MacRog: Order parameters are not in good agreement in neither of the systems, with or without cholesterol. Form factors still to be calculated.
Things to be done:
- I would like to plot the electron densities from simulations together with the results from the SDP model used for the scattering data. The SDP profiles are available in the delivered data set, but only in *eps format. Would it be possible to deliver these also in ASCII format?
- In addition to the simulation data we already have, at least Slipid and Lipid14 models have compatible cholesterol models. At least some data from these models is almost necessary for this project. The corresponding simulations are already ran for Lipid14 and we could take the order parameters from the publication. However, for form factors we would need the simulation trajectories (or someone delivering the results). [Update 19.10.2016] Slipids data are already delivered. Lipid14 data is in progress.

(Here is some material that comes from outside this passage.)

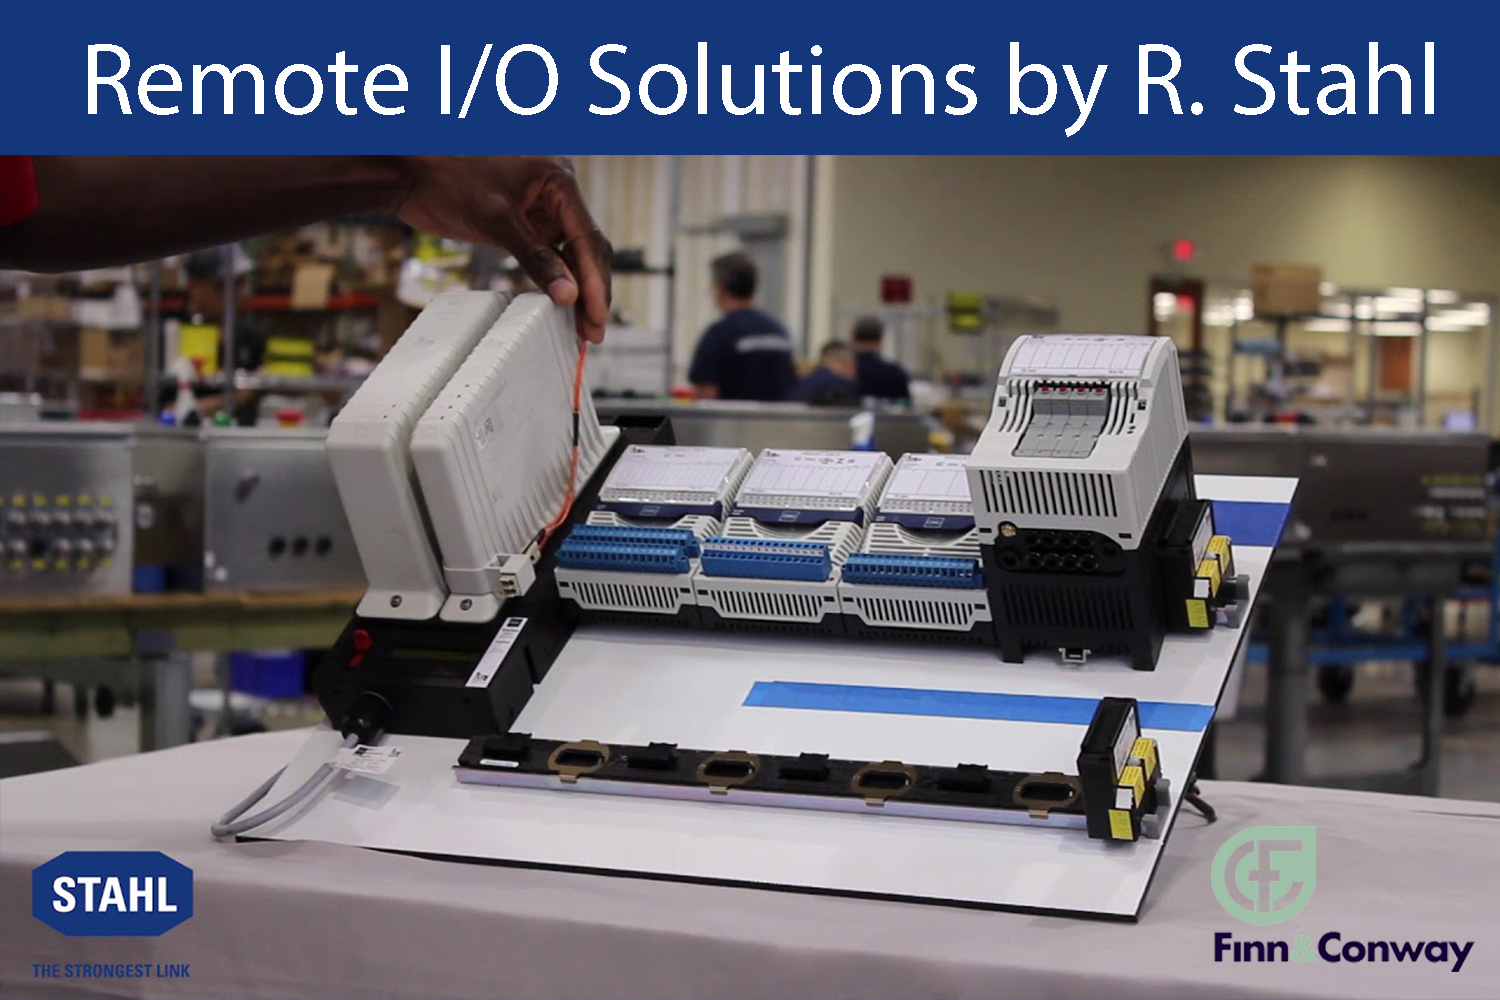 Remote I/O Solutions by R. STAHL

- There is also experimental form factor data available for other binary mixtures than POPC/chol. The data for DOPC/CHOL and DPPC/CHOL mixtures was delivered by Heftberger et al. (see also report) and there seems to be more in the literature. If someone delivers corresponding simulation data, the comparison would be a good complement for the extensive POPC/chol set.
- The order parameters for POPC (preferably in 303K or close) from CHARMM36 simulation ran with NAMD or CHARMM would be useful to check if they are the same as from Gromacs. More discussion in GitHub issue. [Update 19.10.2016] NAMD data and much more is delivered throught the discussion in GitHub. The conclusion seems to be that Gromacs 5 gives more or less consistent results with other codes.